§ **WHAT TO DO**
Each line below needs to be returned exactly. Skip any picture.
━━━━━ SUPPLIED MATERIAL
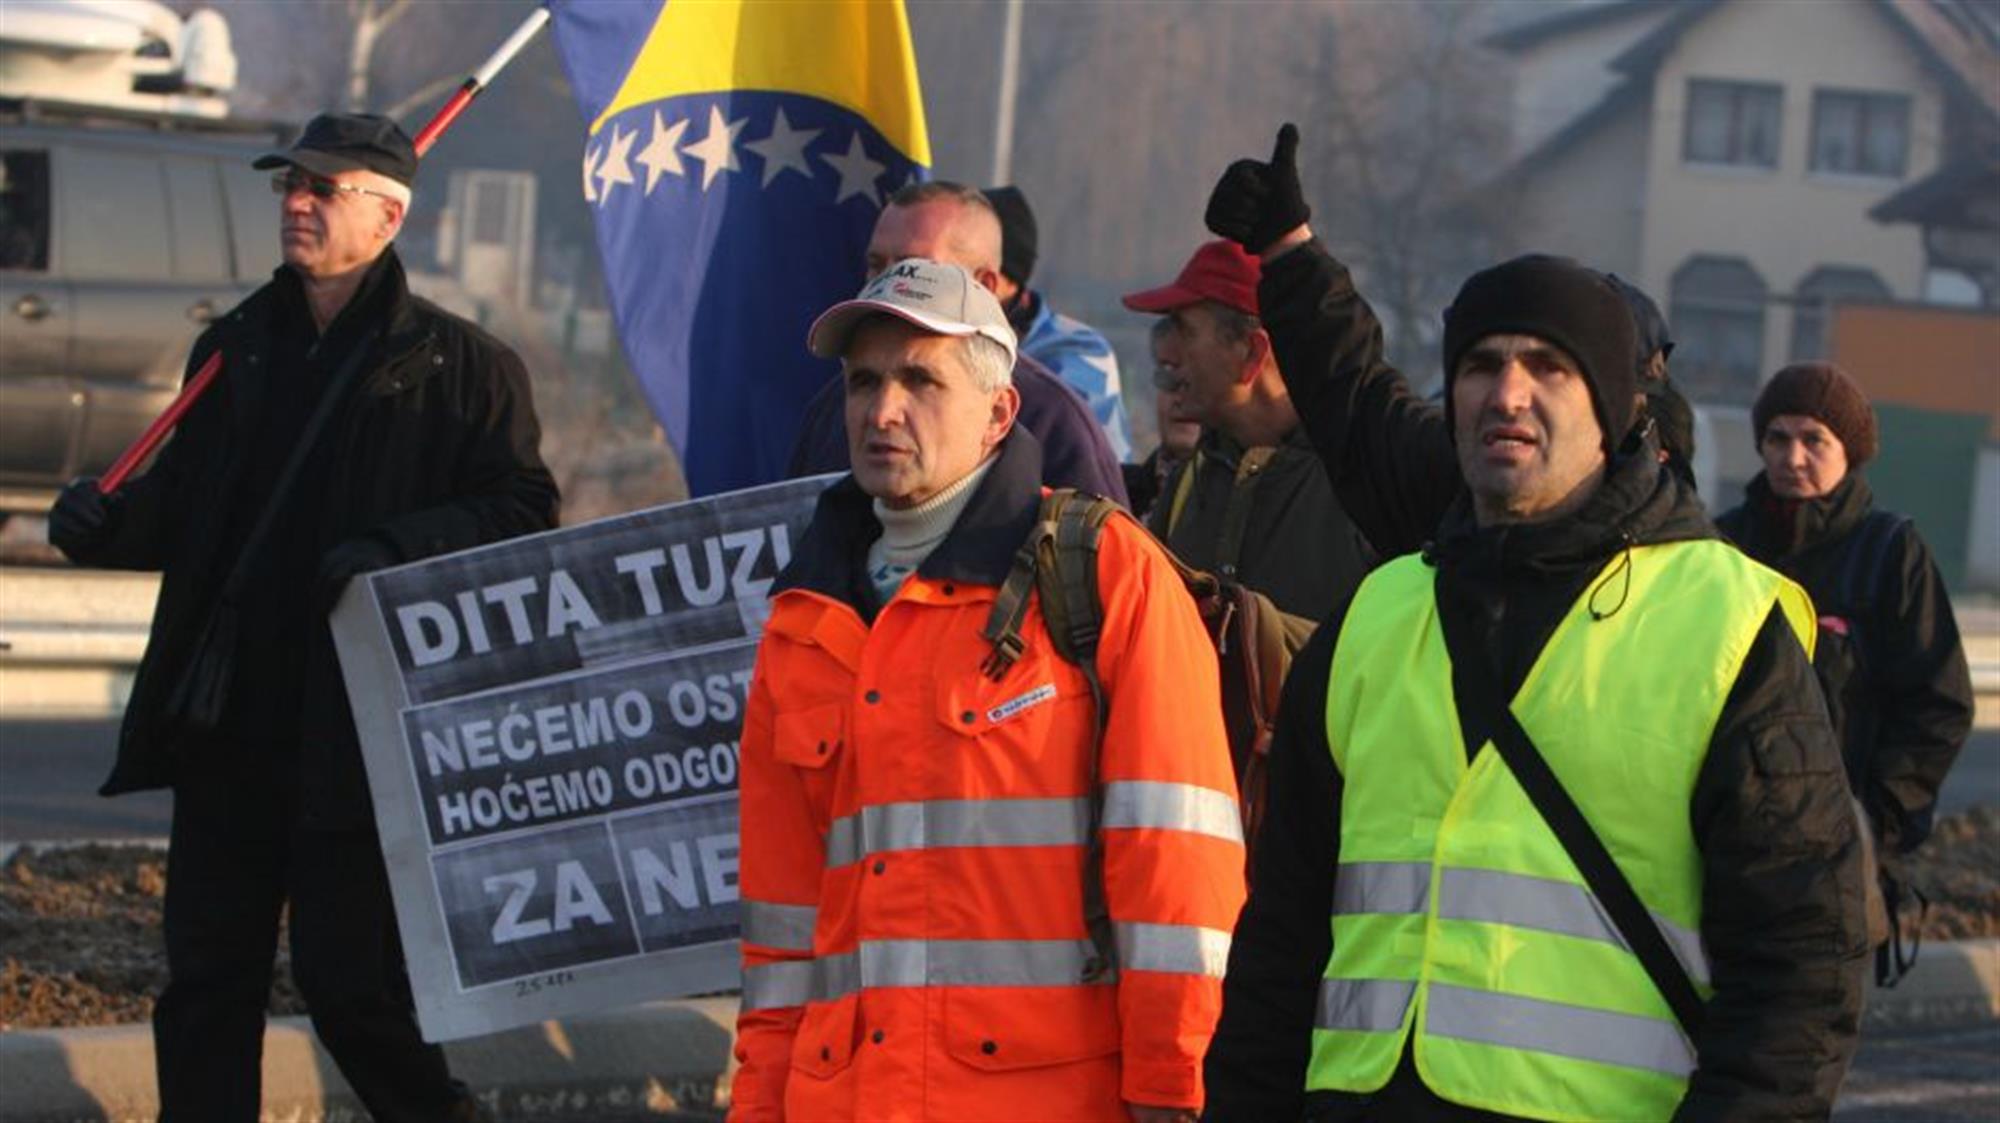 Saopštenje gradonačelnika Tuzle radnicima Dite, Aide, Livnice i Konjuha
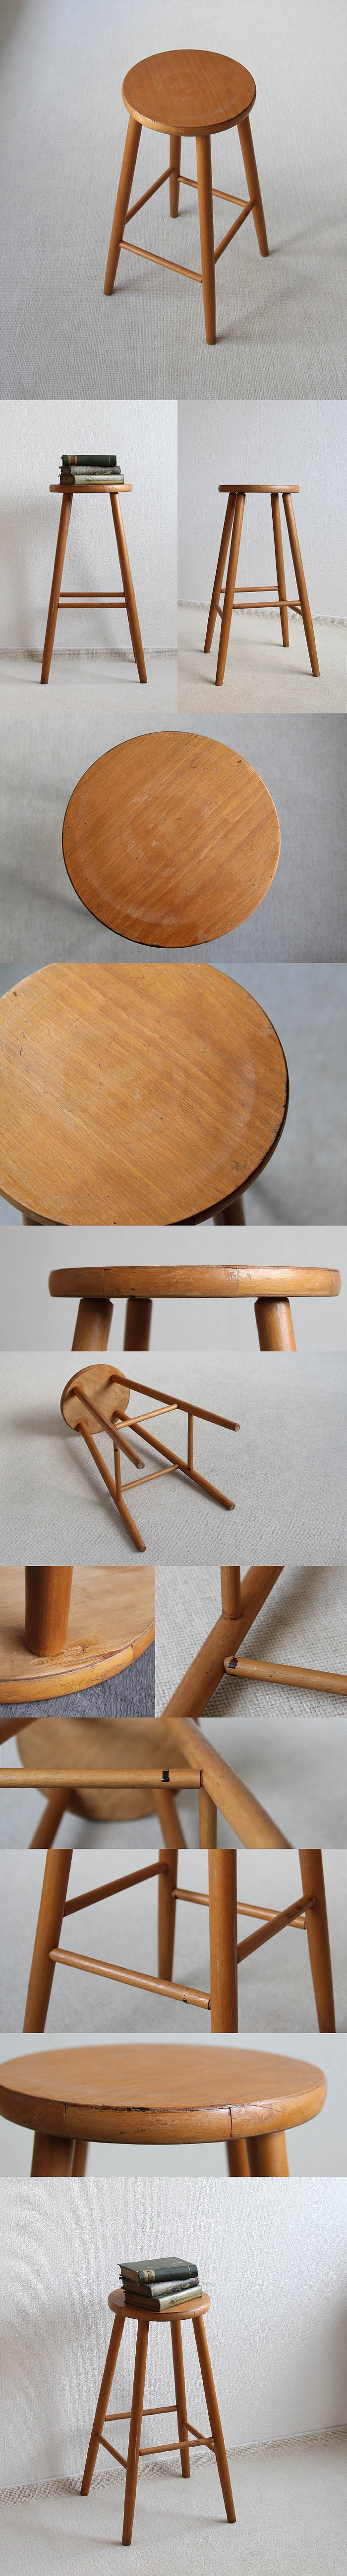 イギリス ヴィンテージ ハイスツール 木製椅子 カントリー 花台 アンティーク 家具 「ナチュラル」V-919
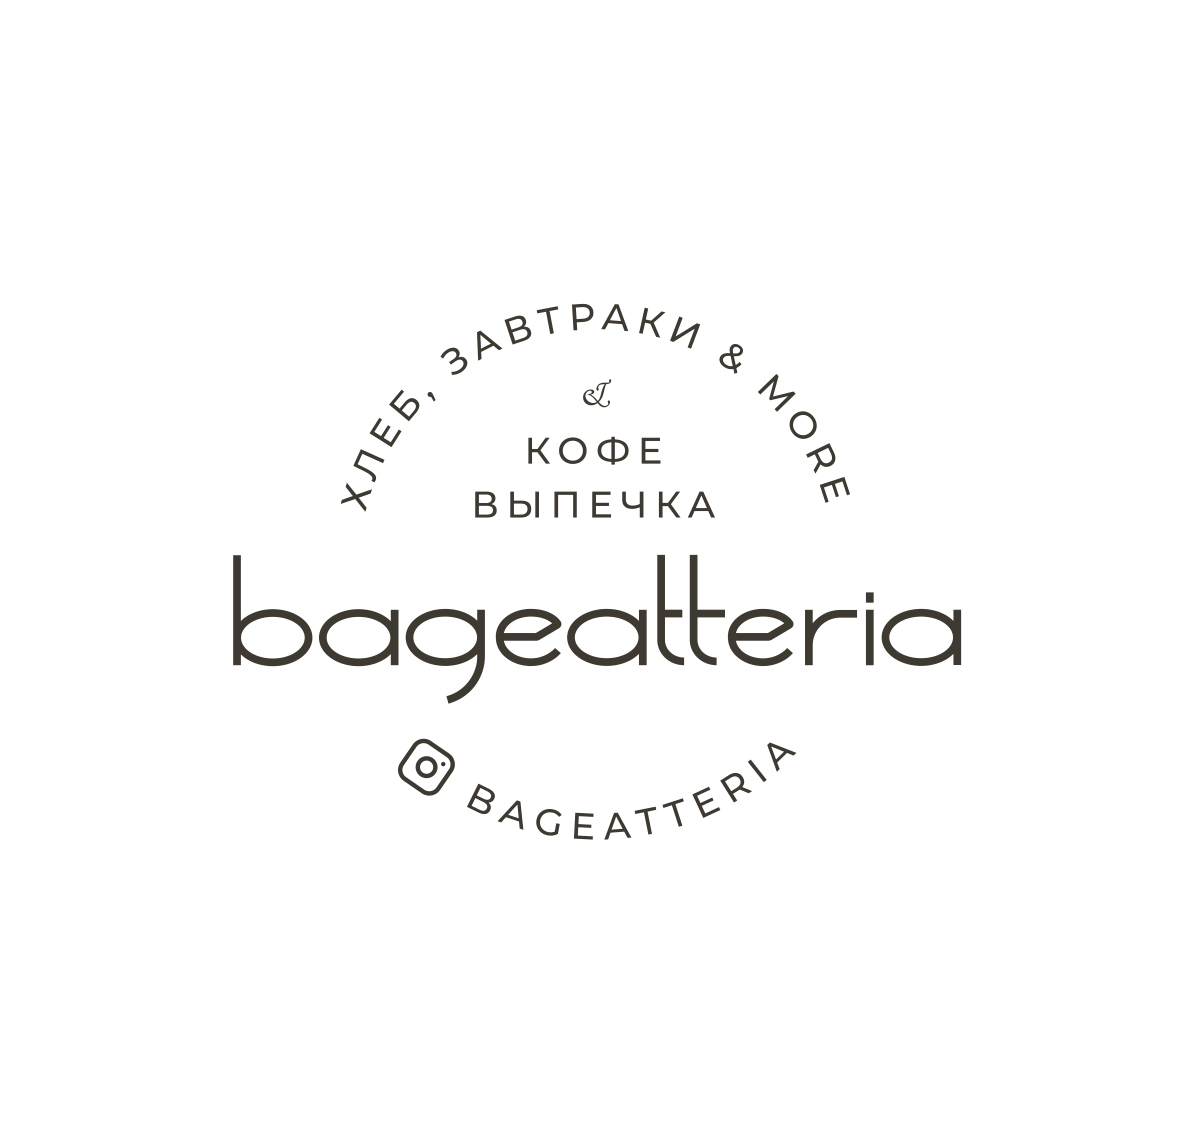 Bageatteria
━━━━━━━━━━
§ **TASK RESULT**
 Saopštenje gradonačelnika Tuzle radnicima Dite, Aide, Livnice i Konjuha
 イギリス ヴィンテージ ハイスツール 木製椅子 カントリー 花台 アンティーク 家具 「ナチュラル」V-919
 Bageatteria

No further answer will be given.